Rods are in gear and in rod holders. With tight lines from current or suspension the fish hook themselves once they commit to eating the bait.

When fishing live bait in lakes I tend to favor Kahle hooks. These hooks were developed for live bait fishing and allow a smaller hook to be used in relation to bait size. I fish these rigs with reels out of gear and clickers turned on. Since the line is relatively slack I must make a determination when the fish has the bait and decide when to set the hook.

For your float system you will have to try both types and make a determination. I wouldn't be surprised to find that proper sized Kahle hooks catch more fish.


----------



## Gorda Fisher (Aug 19, 2005)

I would say definetly circle hooks. Thats what i use.


----------



## esquired (Nov 19, 2006)

If you use circle hooks (I do not) just be certain that you DO NOT set the hook, And make sure you get circle hooks (which have the point turned in) and not octopus of other hooks which have a circular shape.

I usually do not leave my line unattended so I am able to set the hook. When do use circles I sometimes forget and react to a bite by setting the hook (and of course missing the fish)


----------



## TC47 (Sep 4, 2006)

I use 5/0 Eagle Claw Circle Sea hooks on all my trotlines and jug lines. I am using pearch on 2 lines and in the past two weeks caught 4 yellow cat 1 72 lbs, 1 68 lbs, 1 54 lbs and the small one ran 38 lbs. I have also caught several nice blues up to 30 lbs. The circle hooks have performed excellent on these lines and I could ask anymore from them.
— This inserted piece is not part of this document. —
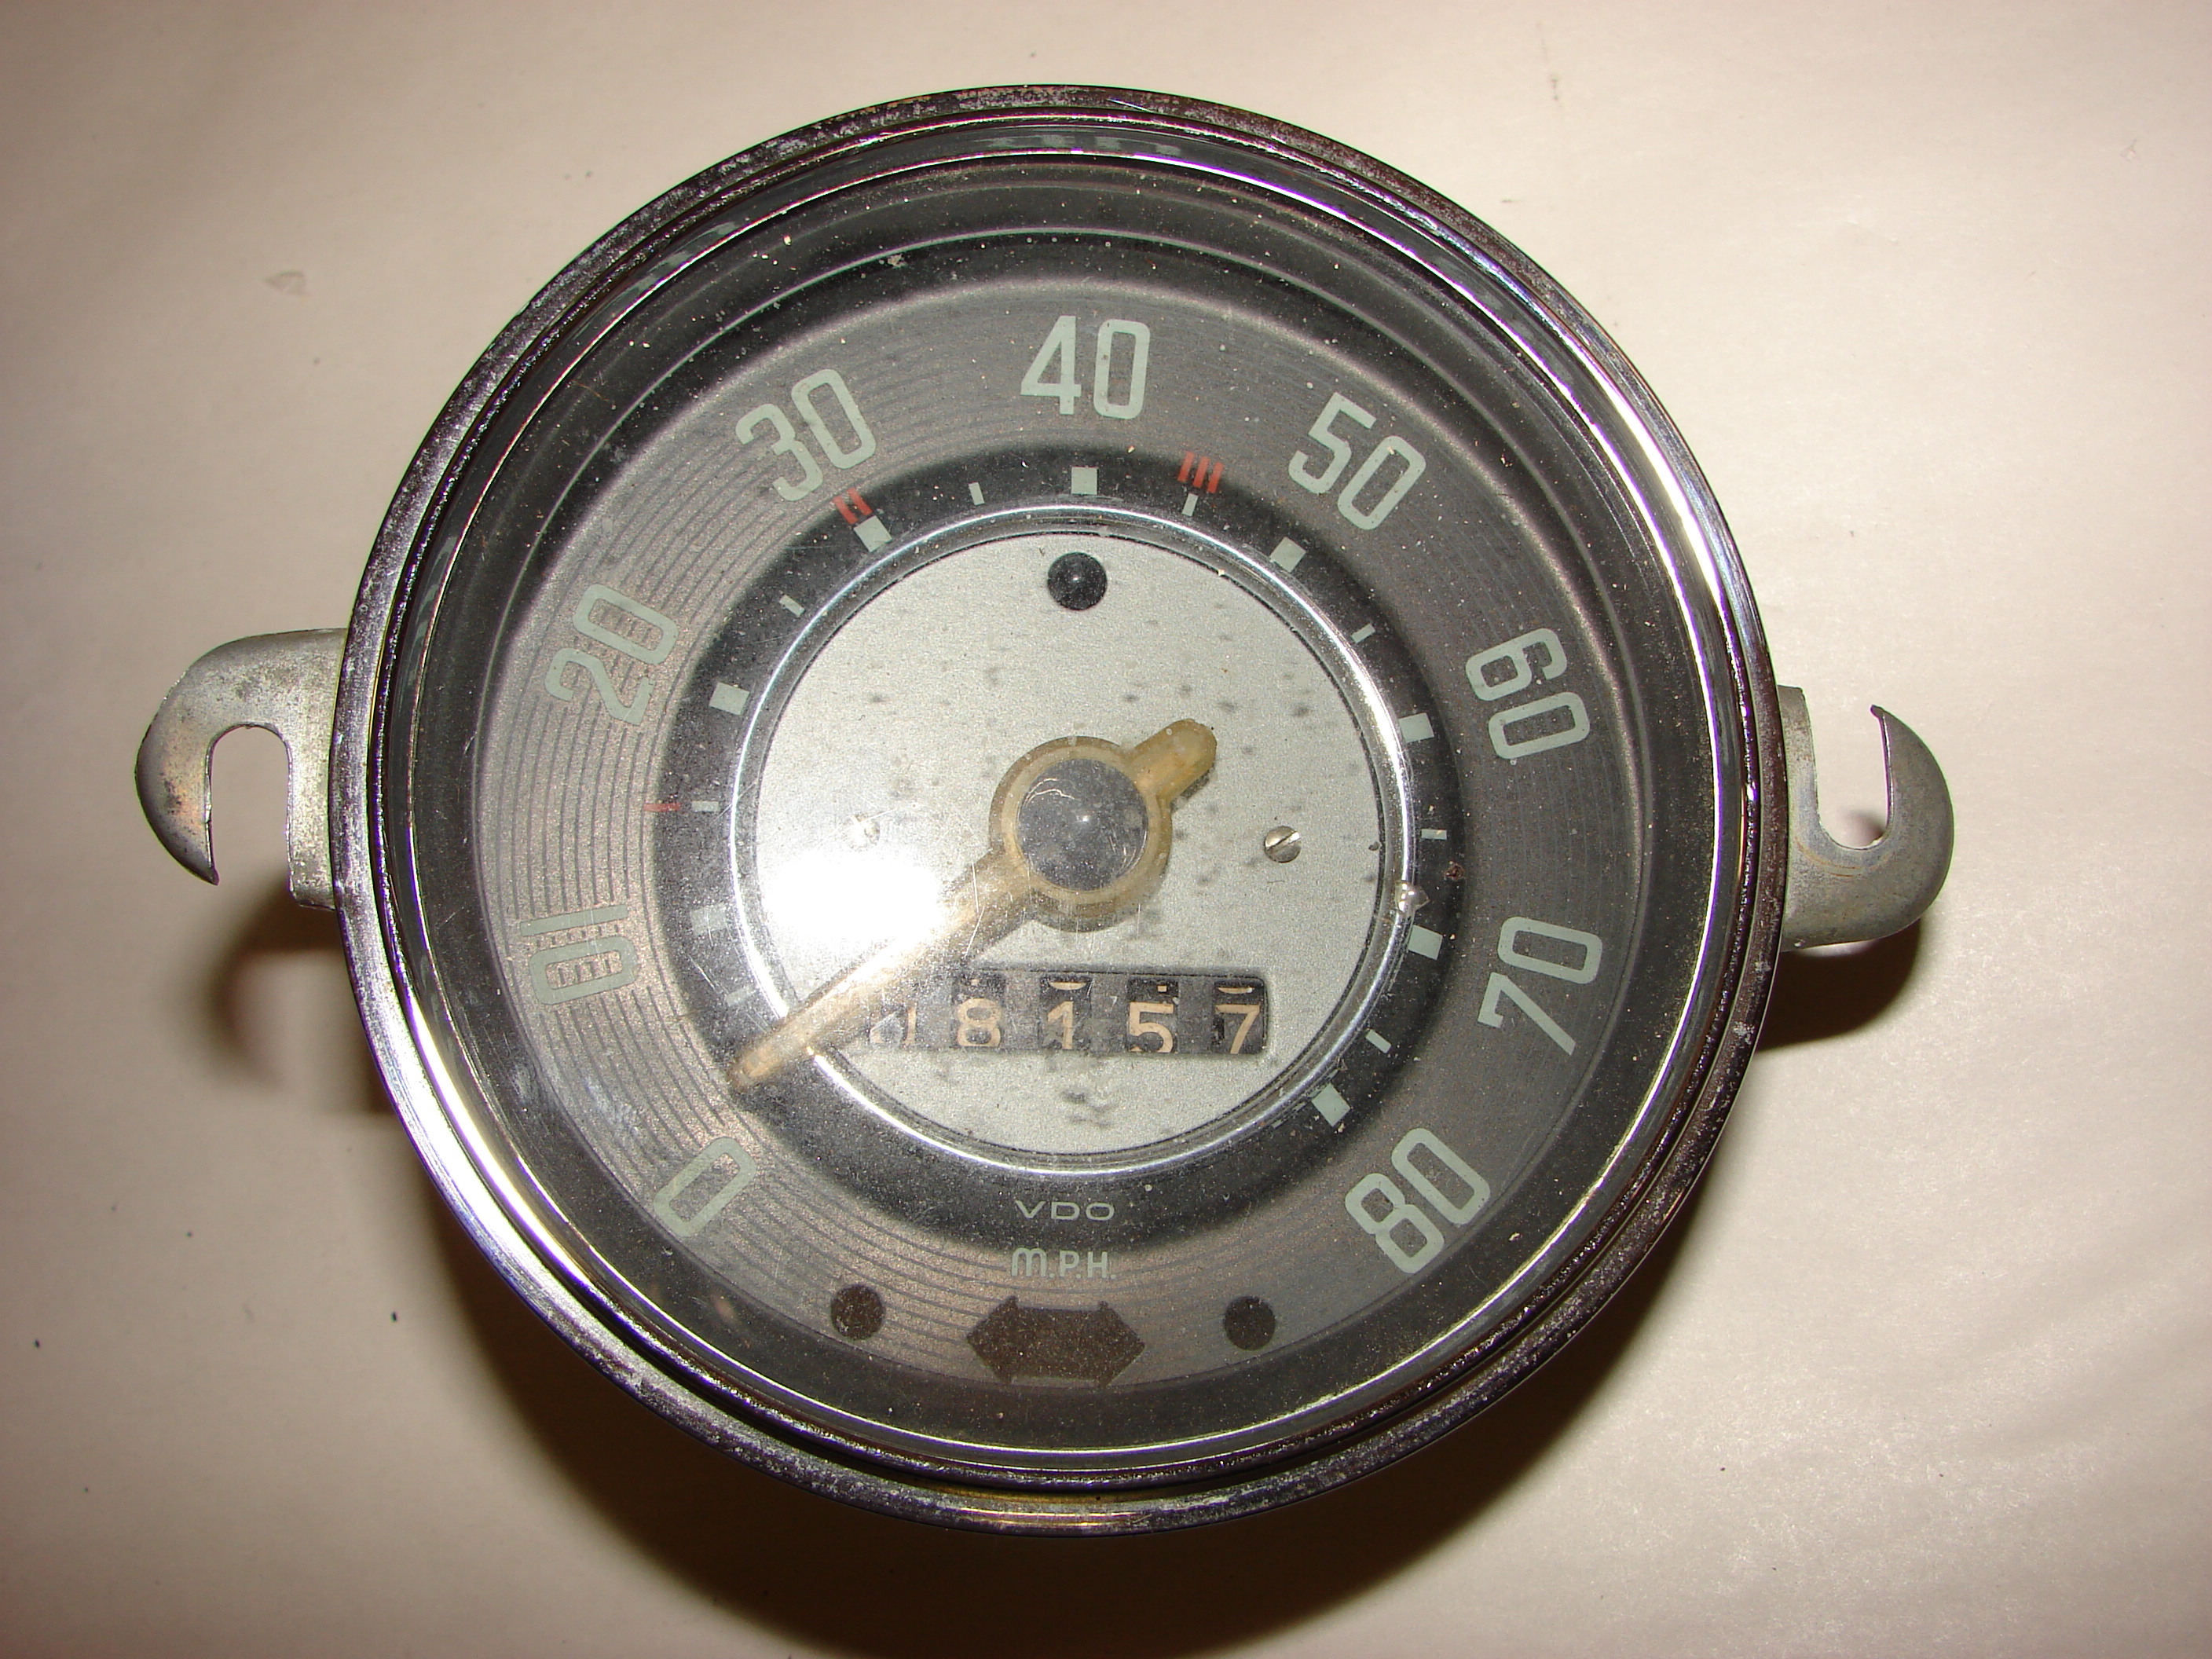 Small basic speedometer

On my R&R I use kayle hooks when drifting and on anchor. I do use punch bait a lot and when I do, I will use a 2/0 triple hooks.


----------



## tiedown (Oct 12, 2005)

depending on how big of yellow's you are after and bait size. In the colorado we mainly use eagle claw stainless short shank 8's mainly, most lines have 1-3 hooks. We do have some one hook lines with 9's and some lines with 7's on top. Our biggest has been 63 pounds caught on 8 with perch about five inches long.


----------



## yellowcater (Dec 22, 2005)

I like to use Eagle Claw 090SS hooks on my trot, drop, and throw lines. I use the 8/0 to 9/0 with hand sized live perch or goldfish for the big yellowcats. The reason I like the Eagle Claw 090SS's is that they have an offset plust thye are very durable and hard to straighten. I haven't tried the circle hooks, but it sounds like they work well too. 
http://eagleclawclassic.com/products/productsMain.php?catID=1&brandID=1&styleID=11&styleName=Saltwater


----------



## tx064deer (Aug 7, 2005)

circle hook , but not on trot line , when running trot line its 4 times as hard to try to hold hook in one hand and bait in other and try to stick the perch while boat is pulling on line reg hook goes right in circle you have to kinda twist and rotate it in its hard while pulling on line and weight of boat .


----------



## troutless (Feb 17, 2006)

I second what Katchaser said. I fish with both on R&R. I just started back catfishing after about 30 years, And, I use a surf rod with an old 5000 on it with a circle hook and small perch. I've only caught small cat's up to six pounds, and two twenty four plus stripper fishing from the docks and banks. The main purpose I use the one surf rod is to practice casting for the coast. Also I just incorporated my first spinning rod & reel into my fishing tackle. I use kahl hooks on it, and on the last outing I caught my first fish on the spinning gear. I kind of like setting the hook on R&R's.


----------



## bearintex (Feb 7, 2006)

crappie cat said:


> In a private resevior north of Angleton Tx.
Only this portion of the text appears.